Начало лета принесло теплую солнечную погоду. Стояли самые длинные дни и самые короткие ночи, вернее сказать, ночей почти не было. Одна заря сменяла другую, незаметно переходя в утренний рассвет, наполненный запахом цветущих трав, крупными, чистыми каплями росы, сверкающими в утренних лучах солнца всеми цветами радуги, низко стелющимся туманом над рекой. Пробуждение природы всегда умиляло Алексея: хотелось дышать свежим воздухом, не только ртом, но и всем телом захватывать его аромат, ощущая щекочущий ветерок раннего утра, когда из-за леса не было еще видно солнца, но его лучи уже озаряли голубой небосклон и небольшие белые пушинки облаков, парящие в вышине. Хорошо и приятно было смотреть, не отрываясь, в глубину неба и думать о том, что где-то там, далеко-далеко, в безвоздушном пространстве, живут другие цивилизации, люди которых не знают войн, приносящий горе и лишения, разлуку с близкими, смерть.
В такое же самое утро Алеша проснулся рано. Дверь в палатке была открыта. В проеме двери виден был часовой, расхаживающий возле кухни, уже освещенный косыми лучами восходящего солнца. Выйдя из палатки, он увидел Василия, который сидя на берегу, полоскал свою рубашку и носки.
- Готовишься? – спросил Алеша.
- А как же! – ответил Василий, продолжая намыливать белье.
- Купался?
- Да.
- Как вода?
- Мокрая, - серьезно ответил Василий.
Алексей рассмеялся и с разбегу нырнул в воду. Она обожгла его за ночь нагретое тело, но уже через минуту ласково сжимала со всех сторон, придавая бодрость и свежесть. Тело привыкло к воде и не хотелось выходить из нее. Алексей лег на спину и, затаив дыхание, смотрел на небо, плывя по течению, слегка подгребая руками воду под себя.
- Куда это ты поплыл, в Руссу? – крикнул ему с берега Василий.
- Домой! – в шутку ответил Алеша.
- Ну, плыви, а мы пойдем праздновать Троицу!
- И я! И я! – закричал Алеша, подражая крику ишака.
Он быстро перевернулся и саженками поплыл к берегу.
- Мне тоже надо освежить рубашку, - сказал он, выжимая мокрые трусы.
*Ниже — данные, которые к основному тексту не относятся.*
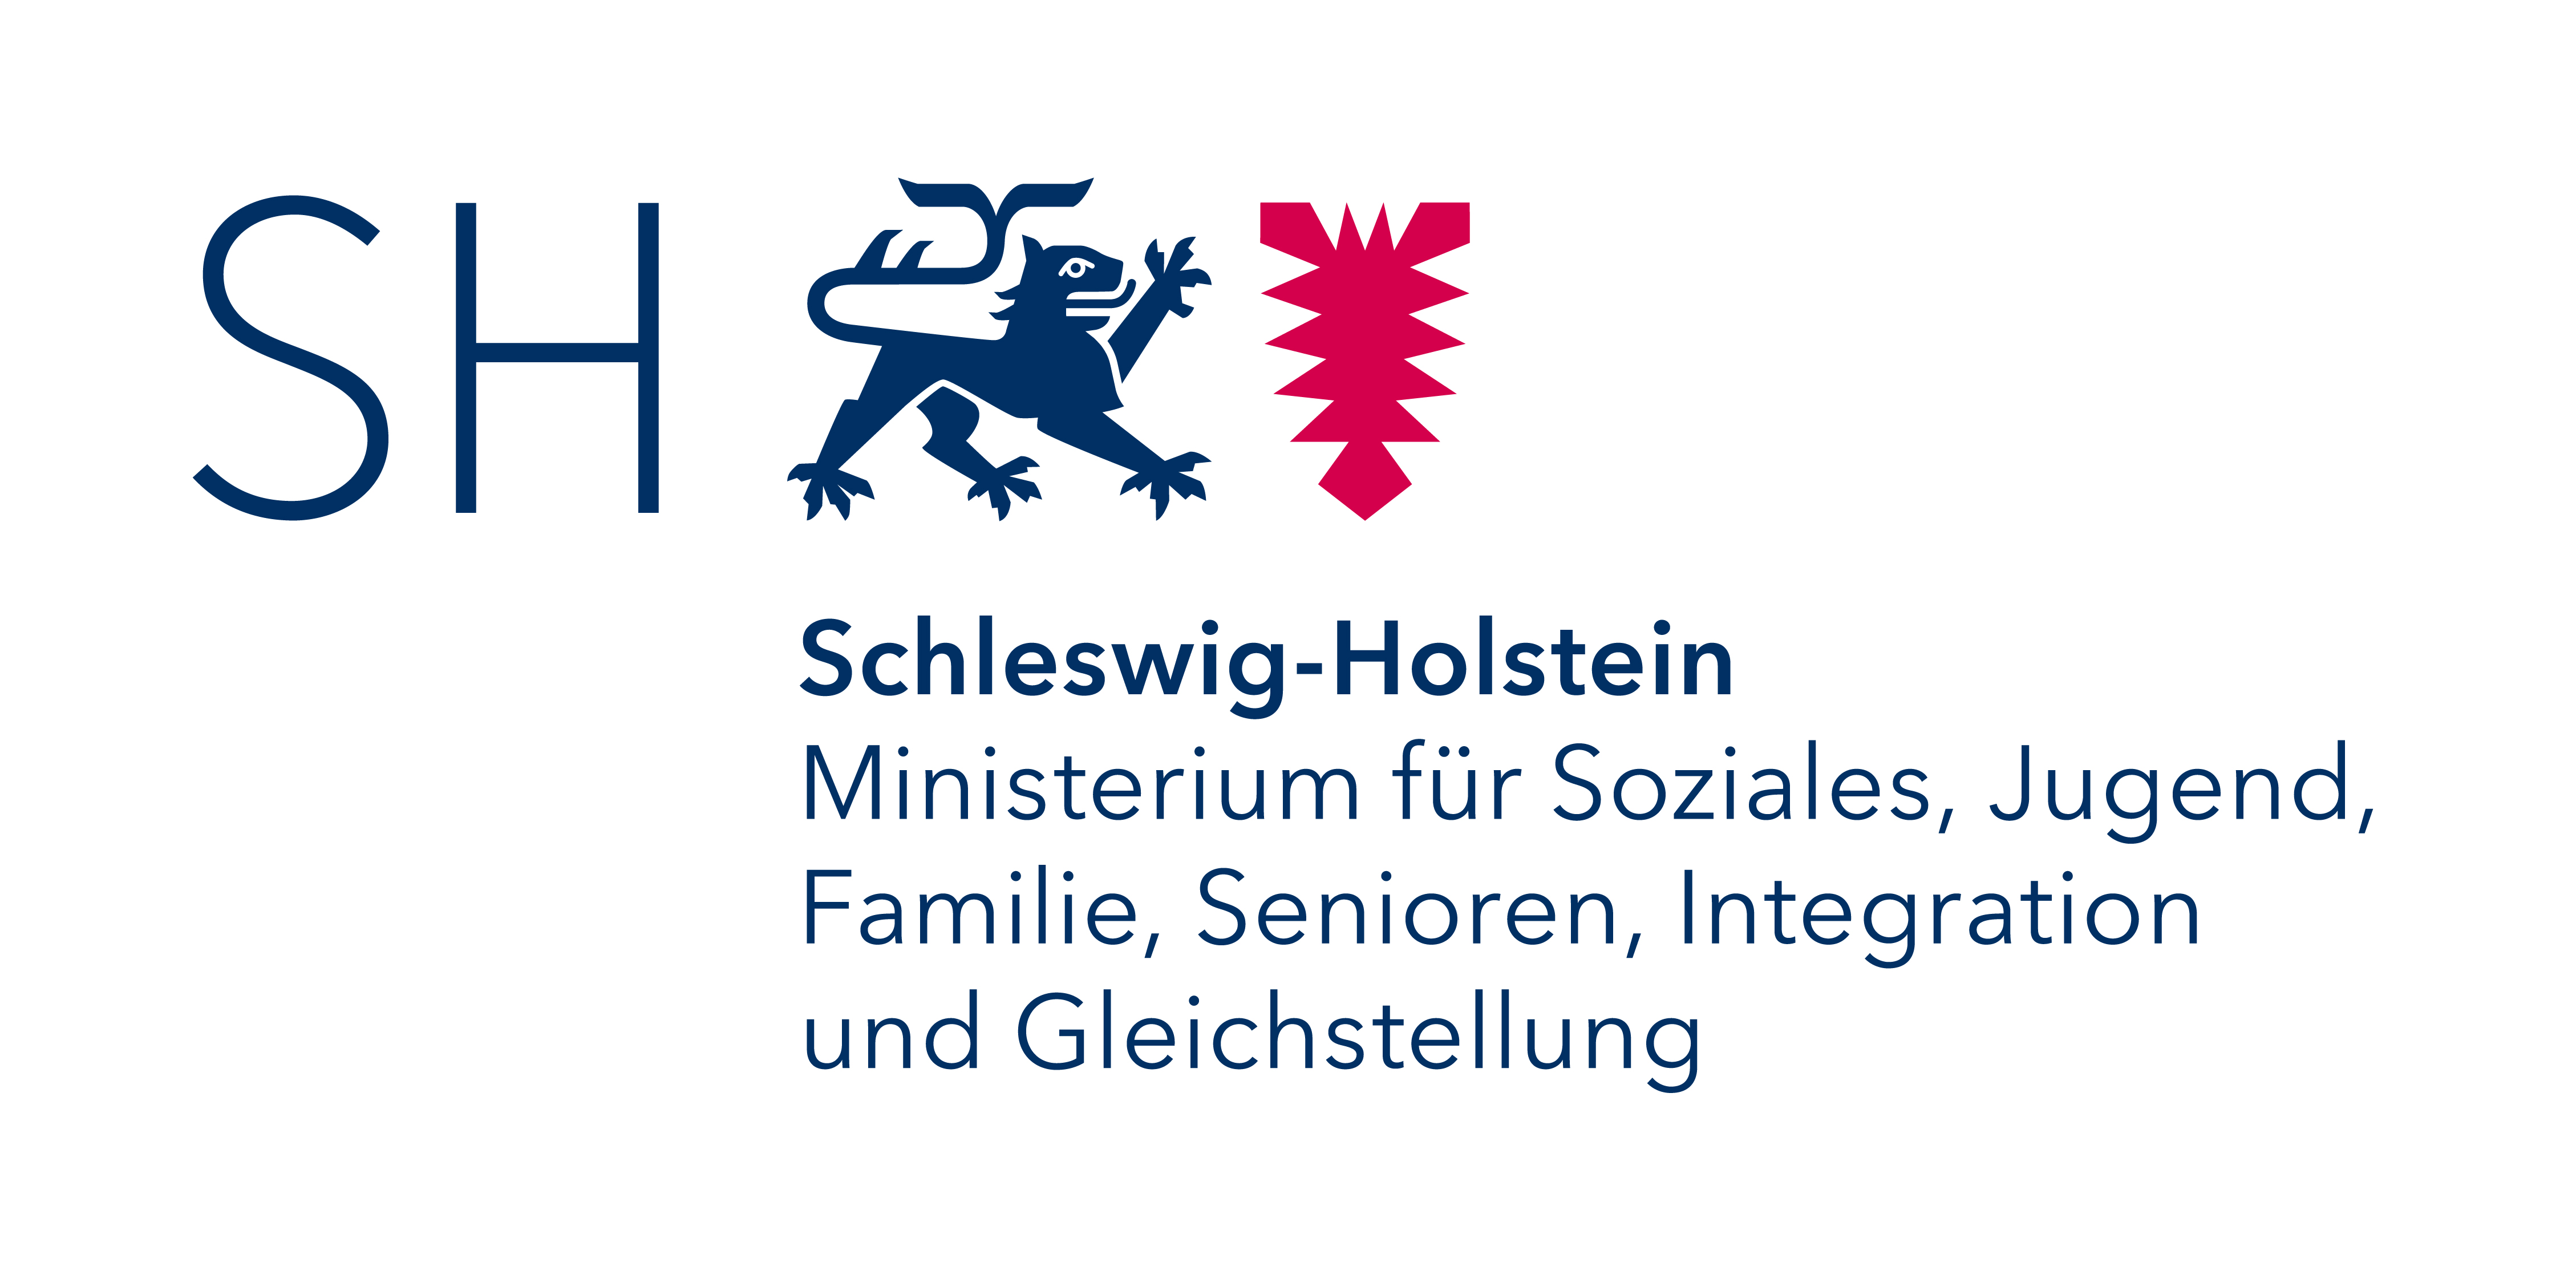 Schleswig-Holstein Ministerium für Soziales, Jugend, Familie, Senioren, Integration und Gleichstellung

В это время из палатки стали выходить ребята, направляясь к реке.
Когда солнце уже высоко стояло над горизонтом, ребята пошли в деревню, где ждали девушки.
Одетые в суконные французские брюки и в рубашках, ребята выглядели несколько комично в такую жаркую погоду. Одна из девушек запела частушку:
Ой, бойцы, бойцы, бойцы советские,
зачем надели вы штаны немецкие…
Все громко рассмеялись.
- Не немецкие, а французские, - заметил Василий, явно смущаясь своего непрезентабельного вида.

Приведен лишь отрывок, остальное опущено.